Strict Tool Definitions

In addition to response_format, you can set strict: true on individual function/tool definitions. When strict mode is enabled, the model’s function call arguments are guaranteed to match the tool’s parameters schema exactly.

response = client.chat.completions.create(
    model="llama-3.3-70b",
    messages=[{"role": "user", "content": "What's the weather in Tokyo?"}],
    tools=[
        {
            "type": "function",
            "function": {
                "name": "get_weather",
                "description": "Get the current weather for a location.",
                "strict": True,
                "parameters": {
                    "type": "object",
                    "properties": {
                        "location": {"type": "string", "description": "City name"},
                        "unit": {"type": "string", "enum": ["celsius", "fahrenheit"]},
                    },
                    "required": ["location", "unit"],
                    "additionalProperties": False,
                },
            },
        }
    ],
)

With strict: true, the model will always produce valid JSON arguments that match the parameters schema — no need to handle malformed arguments.

Supported Schemas

JSON Schema mode supports a broad subset of JSON Schema Draft 2020-12:

Feature	Supported
`type` (string, number, integer, boolean, array, object, null)	Yes
`properties` and `required`	Yes
`additionalProperties: false`	Yes (recommended)
`enum`	Yes
`const`	Yes
`items` (for arrays)	Yes
`anyOf`	Yes
`$ref` / `$defs`	Yes
`minLength` / `maxLength`	Yes
`minimum` / `maximum`	Yes
`pattern`	Limited
`minItems` / `maxItems`	Yes
`default`	Ignored (not used during generation)

Limitations

No recursive schemas — a $ref that creates a cycle is not supported.
Maximum nesting depth — schemas deeper than 5 levels may increase latency.
Maximum schema size — very large schemas (hundreds of properties) may increase latency or fail validation.
additionalProperties should always be false — set additionalProperties: false at every object level for reliable constrained decoding, regardless of whether you use strict: true.

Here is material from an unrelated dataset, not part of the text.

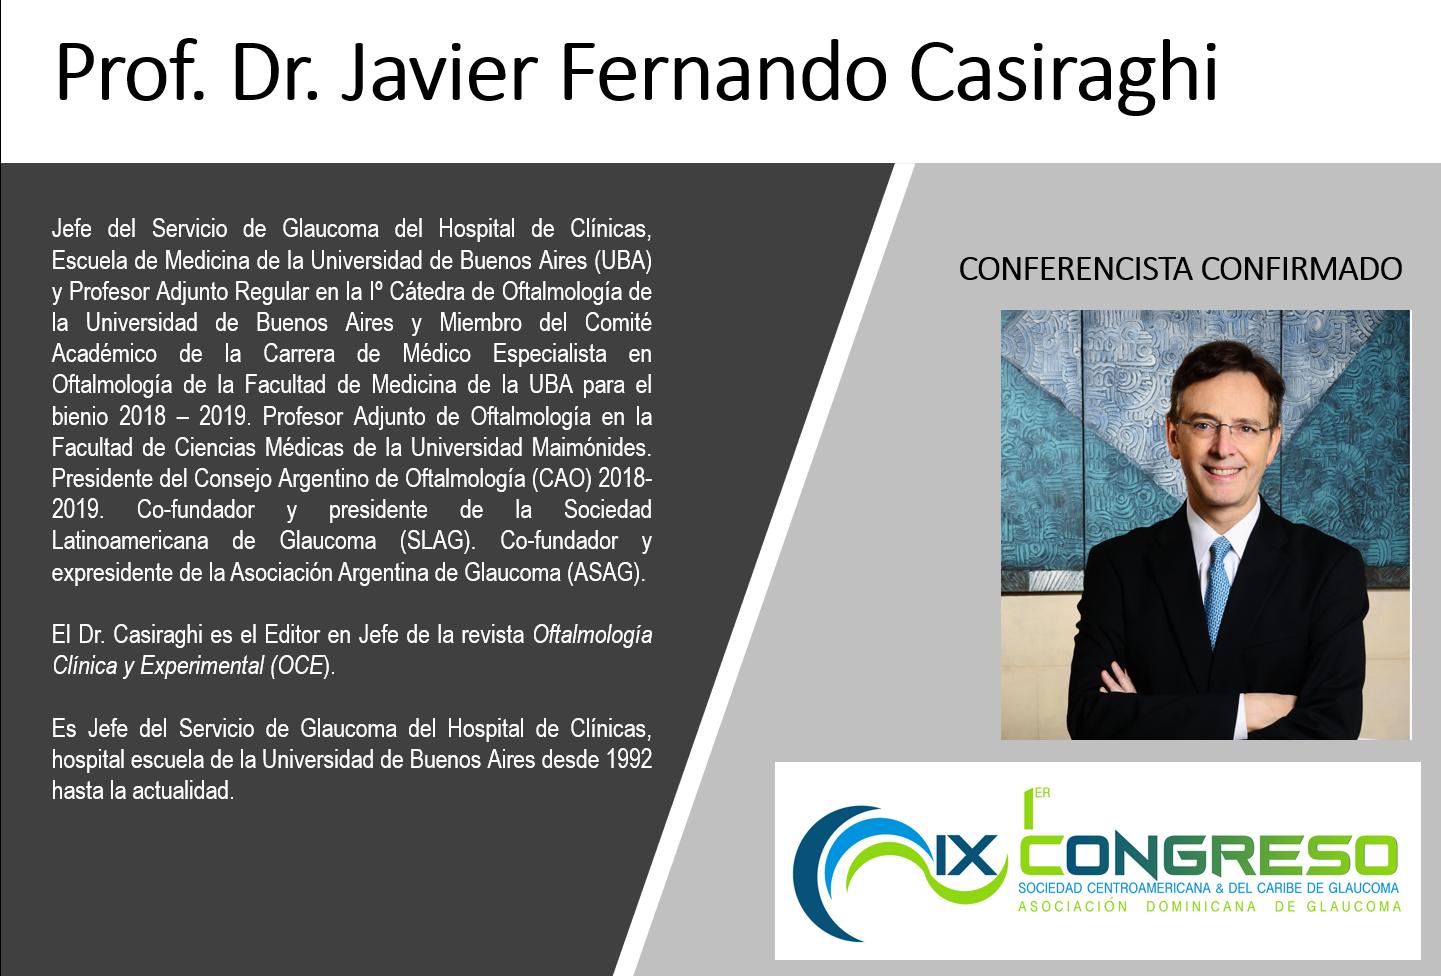 Dr. Javier Fernando Casiraghi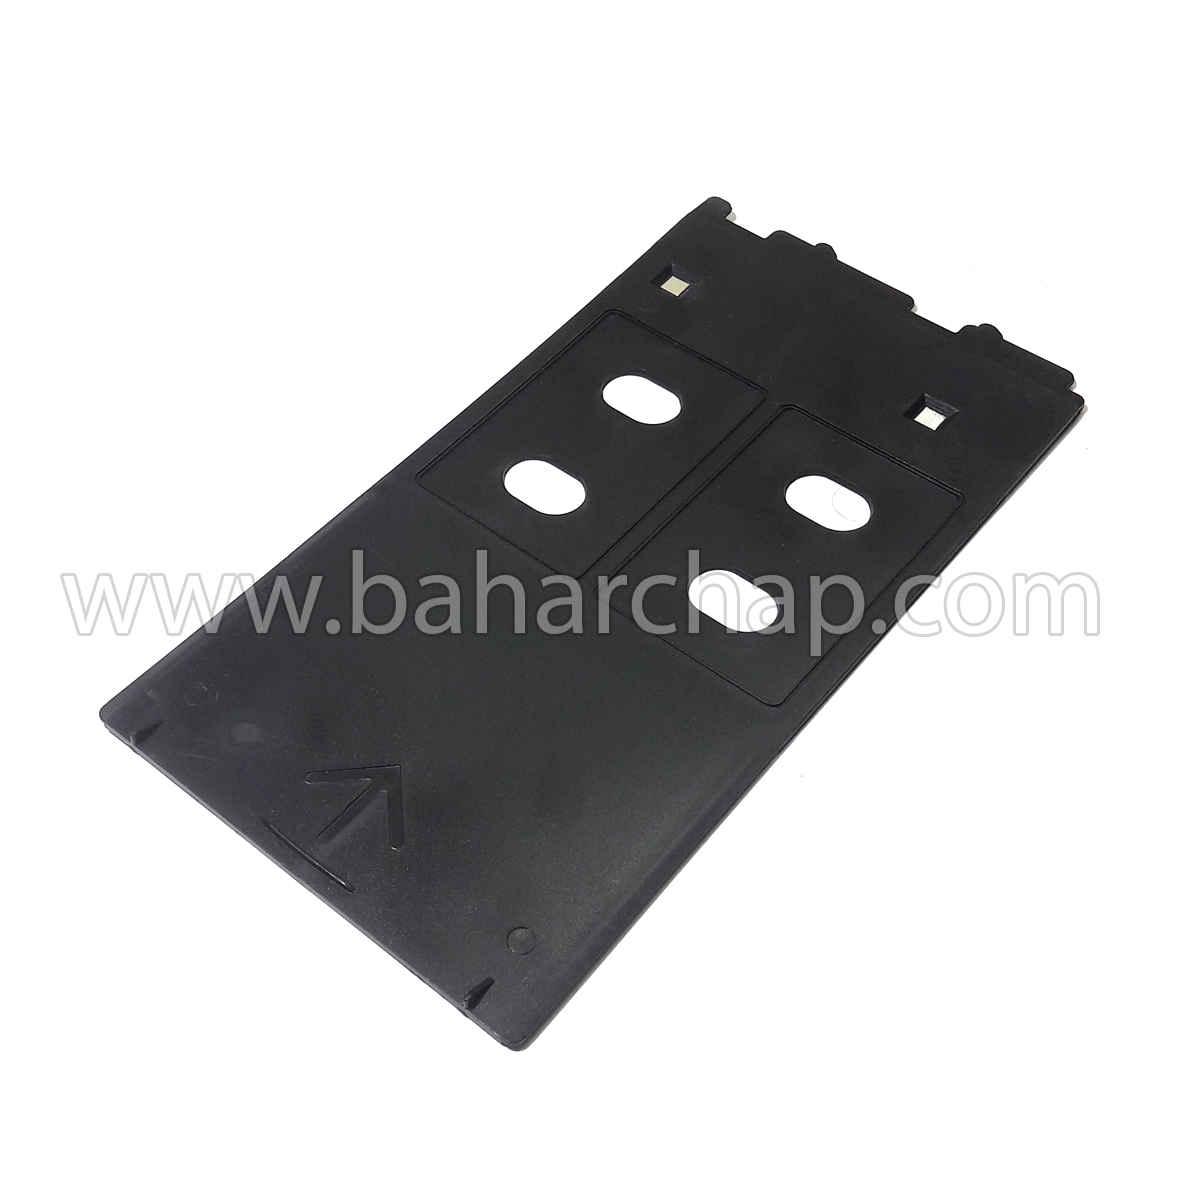 فروشگاه و خدمات اینترنتی بهارچاپ اصفهان-سینی مخصوص پرینت کارت PVC ویژه پرینترهای کانن  IP/MP/MG-PVC Card Tray for Canon IP/MP/MG Printers - Canon G Tray

This applies to both json_schema response formats and strict tool definitions.

Best Practices

Use strict mode for reliable parsing. Setting strict: true in your json_schema config enables constrained decoding, guaranteeing schema conformance.
Set additionalProperties: false at every level of your schema to prevent unexpected fields.
Define minimal schemas. Fewer constraints and properties result in faster generation. Break complex extractions into multiple calls if needed.
Use json_object mode for simpler use cases. If you just need valid JSON without strict schema enforcement, json_object mode has lower latency.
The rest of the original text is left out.